Derrick turned to Beetle. “You fuck, you brought a cop to my house?”

“Do you have a son?” Ogden asked.

“No, I don’t have a fucking son. What kind of fucking question is that? And this is illegal entry, you know that?”

“I don’t care what you’ve got here,” Ogden said. “Is your last name Yates?”

“I’m not telling you shit.”

“I can find out your name,” Ogden said.

“Then find it the fuck out, Sherlock.” Then, to Beetle, “Get your ass out of my house and take your man with you.”

“I came all this way. You gonna set me up, right?” Beetle did a little dance.

“Get out.”

“No, man, no no no, I need something, anything. I came a long way. I got here. You said if I ever got here, you’d set me up. You said it. I even got me some money.” Beetle pulled a wad of cash out his sweatpants pocket.
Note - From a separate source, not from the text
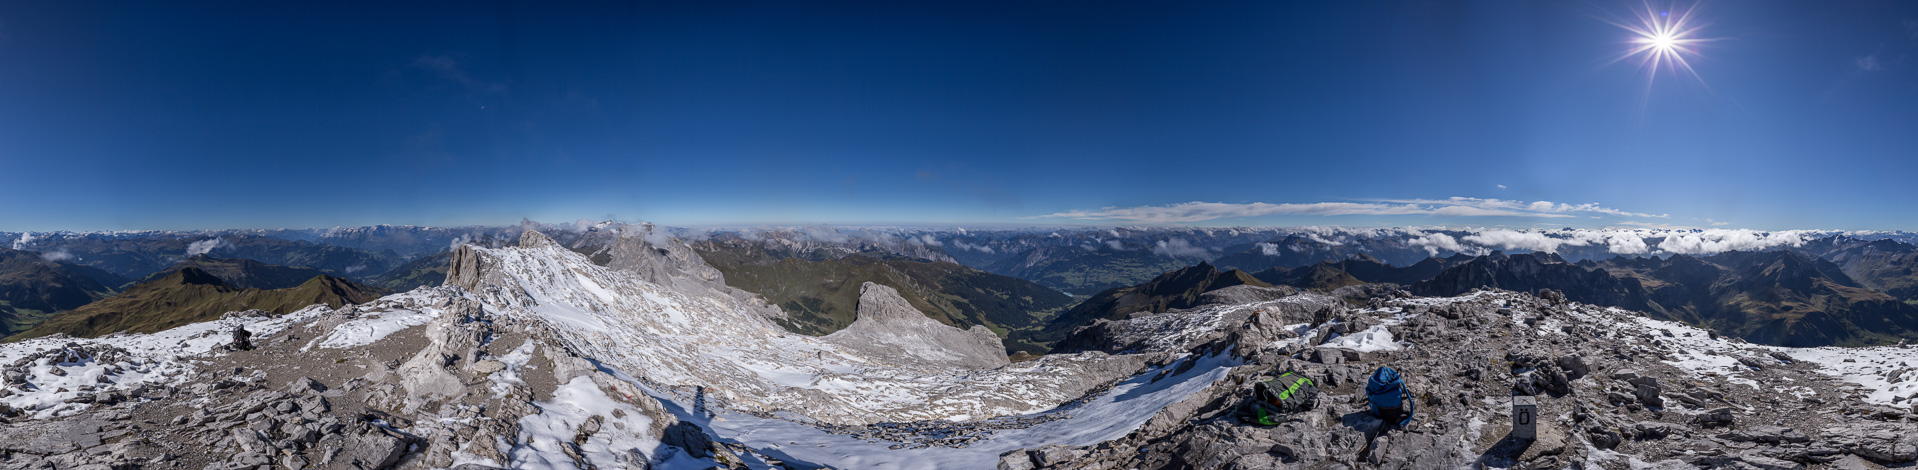 Gipfelpanorama mit den Bündner Bergen, Silvretta und einigen Spitzen der Berner und Walliser Alpen.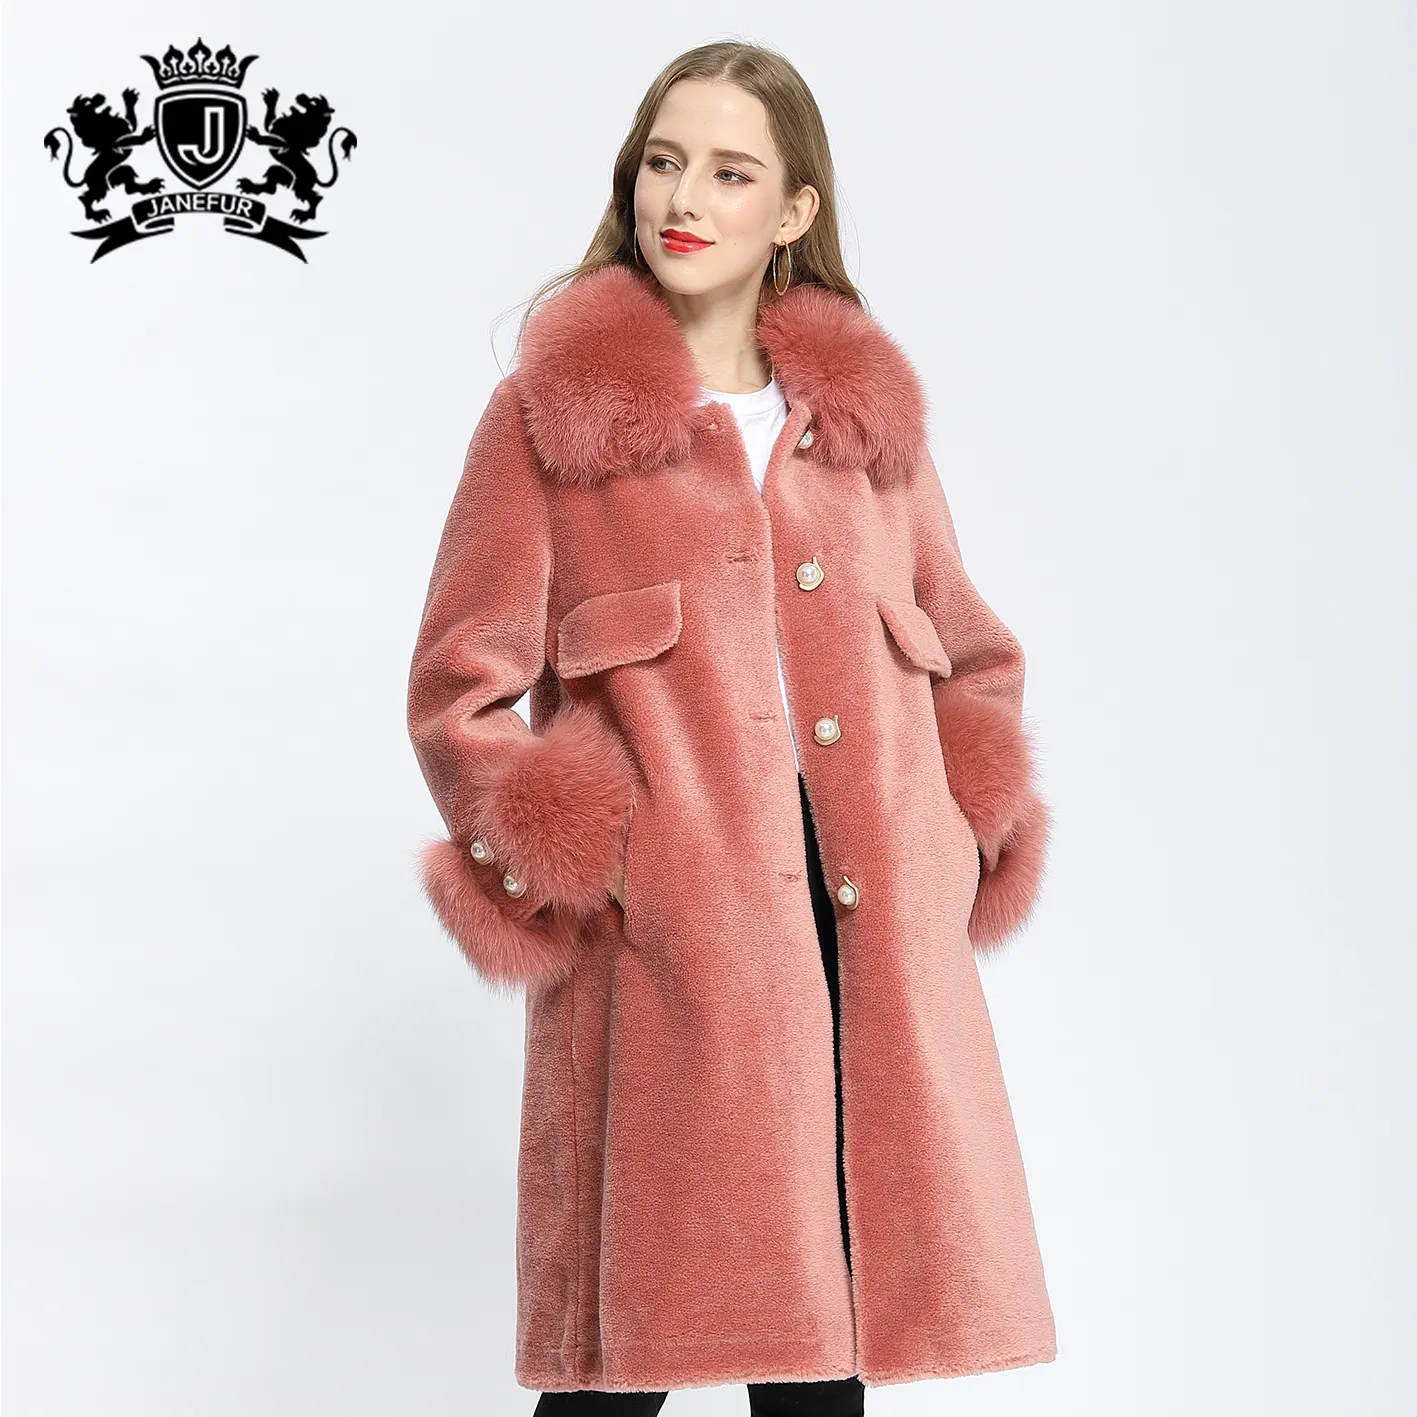 Janefur kadınlar koyun derisi ceket uzun stil zarif gerçek tilki kürk yaka manşet tatlı kız kürk ceket

“Get out of my fucking house!”

“Where is the kid?” Ogden asked.

“There ain’t no kid.”

A vehicle crunched to a stop out on the gravel. Ogden looked out at the big door to the courtyard. He wondered if Warren had traced the kid to this house. When the door opened he saw that it was the flyweight from the meth lab. Ogden realized as he saw the small man approach that he, Ogden, was in fact afraid of him. Flyweight was hard, a seasoned criminal, and it showed in his walk and in the way he’d reacted when he’d had a pistol pointed at him. Of course the barrel of the weapon had not been in his mouth, but nonetheless he had remained calm, had measured the situation. Ogden had seen him do it. And now he was coming into this house. Flyweight leaned forward a bit as he walked, trying to see into

the house. It was clear he didn’t have a good view from outside, glare perhaps. Ogden turned his back on the room and walked to the kiva fireplace as the man entered.

“What is this, a party?” Flyweight said. “What’s that junkie doing here? How you get up here, junkie? Somebody was looking for you, Meth-mouth.”

Ogden could feel the man’s eyes on him.

“Hey,” Flyweight said, a note of recognition in his voice.

Ogden turned with his pistol out of his pocket and pointed at Flyweight.

“Again with the gun,” the small man said.

“Afraid so,” Ogden said.

“I see you found Meth-mouth. So, why the gun?”

“Because you have one,” Ogden said.

Derrick was now visibly frightened. He backed a couple of steps away.

“You stay with the pack,” Ogden said. “Stay close. I need you close. I need you to tell me where Willy Yates is.”

“What are you talking about?” Derrick asked.

“He’s loco,” Flyweight said.

Beetle fell onto the sofa and curled up in the fetal position, muttered to himself, saying, “Just a little, just a little and I’ll be gone. I don’t need to be here. Need some dope, man.”

“I’m telling you there is no Willy Yates, man. And there ain’t no kid,” Derrick said.